**Prompt**
Find the line below with "GR厂V2版本1比1顶级复刻手表百达翡丽鹦鹉螺5711/1A-010腕表 / BD352" and the line with "Алюминиевые трапы 500 кг от производителя". Output them and the lines between, exactly, but not the pictures.

Segment Start: Materials provided

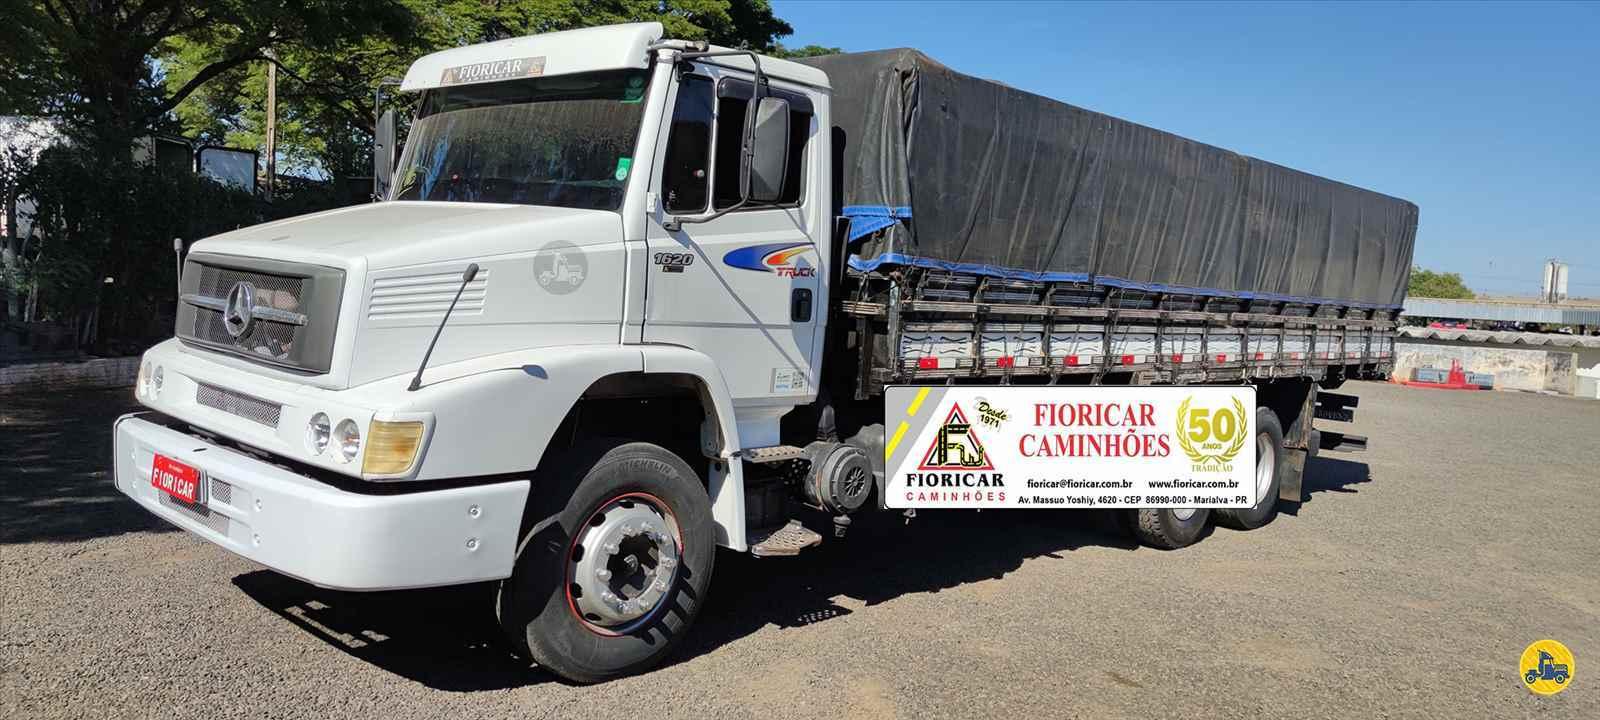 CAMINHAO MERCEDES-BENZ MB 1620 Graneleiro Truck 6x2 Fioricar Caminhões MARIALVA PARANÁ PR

Segment End: Materials provided
Segment Start: Materials provided

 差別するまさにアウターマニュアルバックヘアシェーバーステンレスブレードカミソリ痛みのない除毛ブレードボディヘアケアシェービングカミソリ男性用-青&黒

Segment End: Materials provided
Segment Start: Materials provided

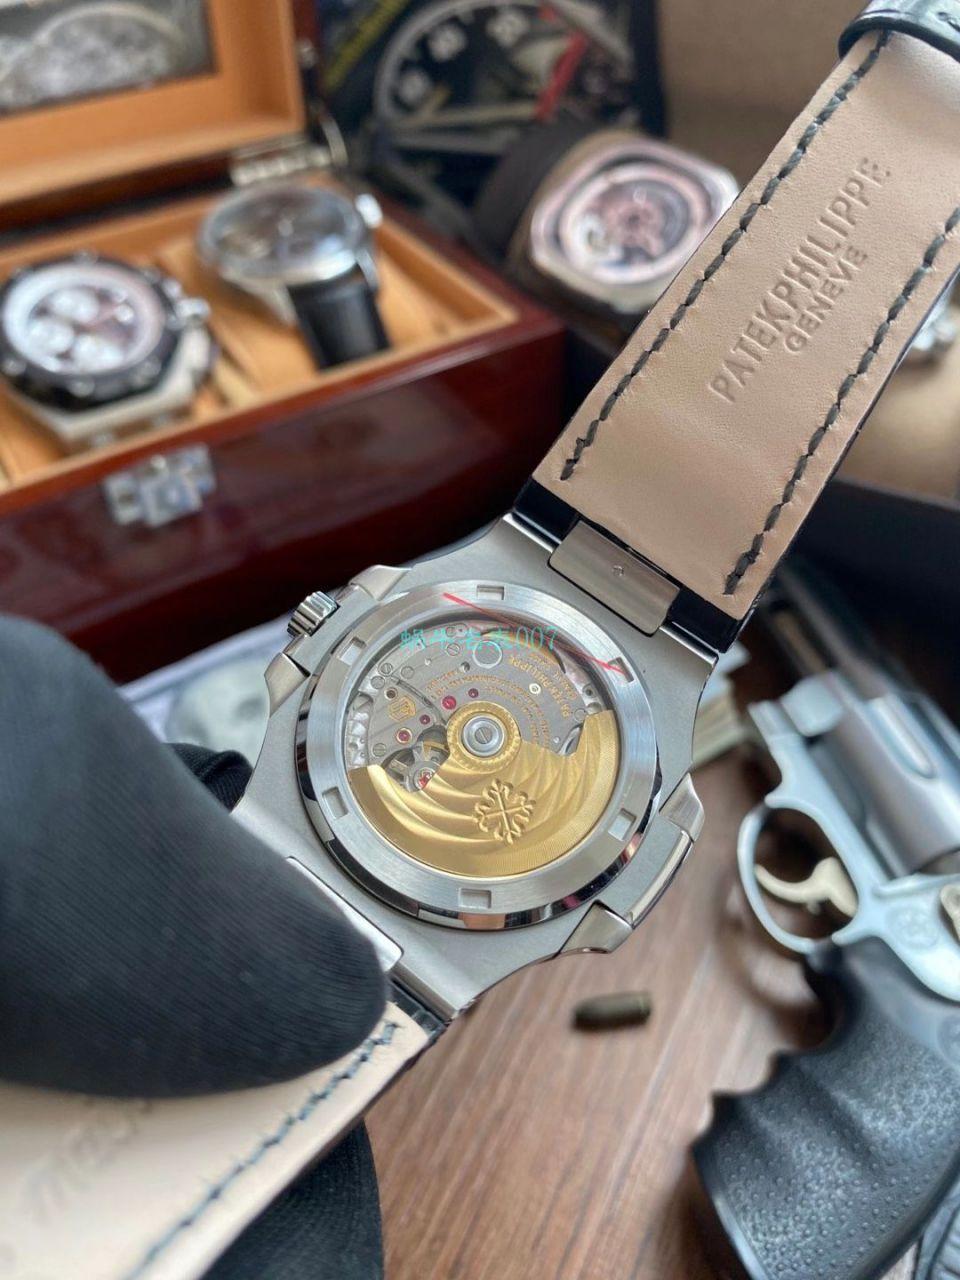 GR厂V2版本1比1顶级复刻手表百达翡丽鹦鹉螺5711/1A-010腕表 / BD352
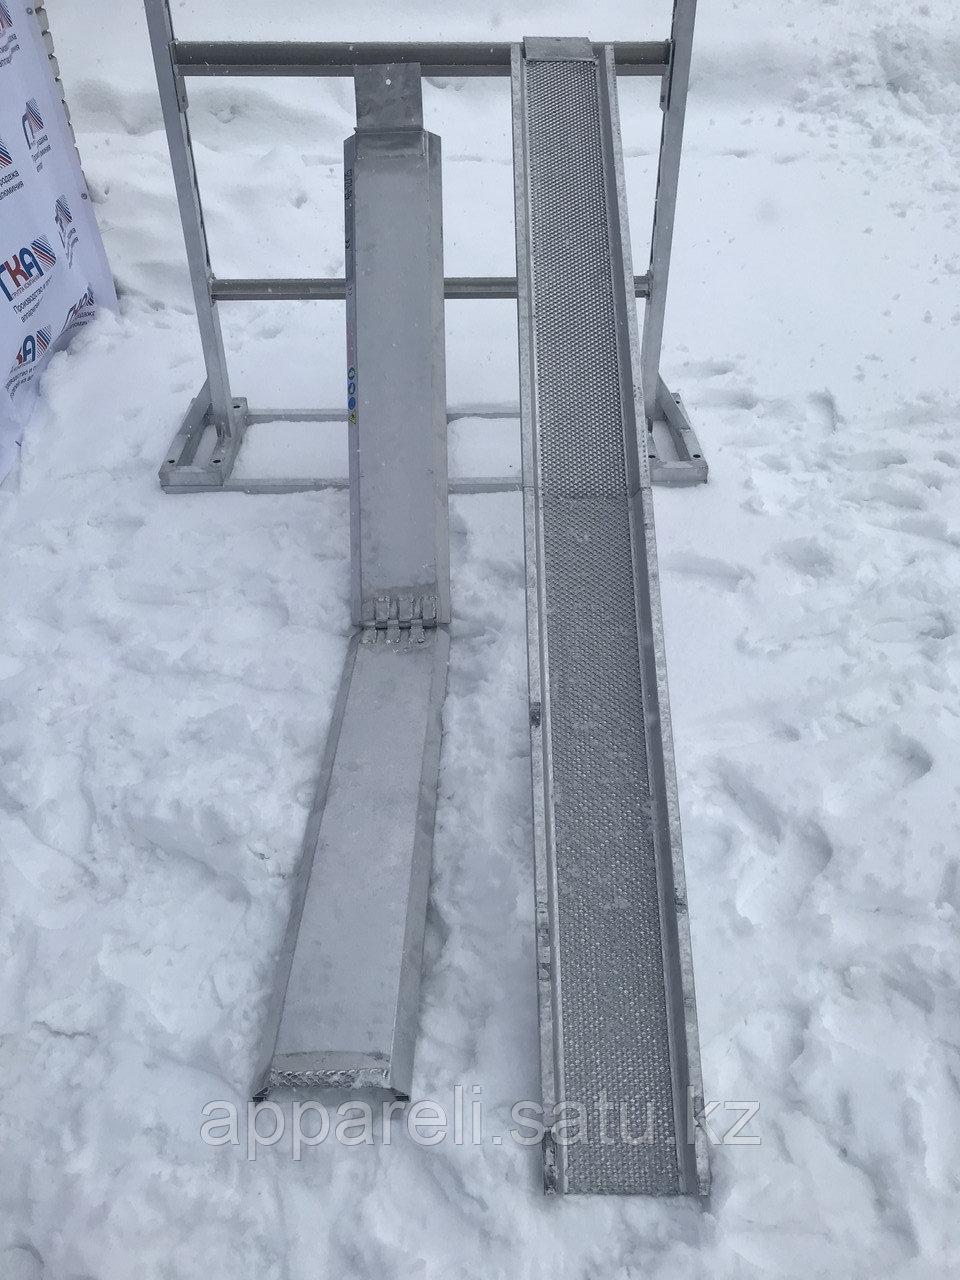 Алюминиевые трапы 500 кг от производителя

Segment End: Materials provided

**Result**
 GR厂V2版本1比1顶级复刻手表百达翡丽鹦鹉螺5711/1A-010腕表 / BD352
 Алюминиевые трапы 500 кг от производителя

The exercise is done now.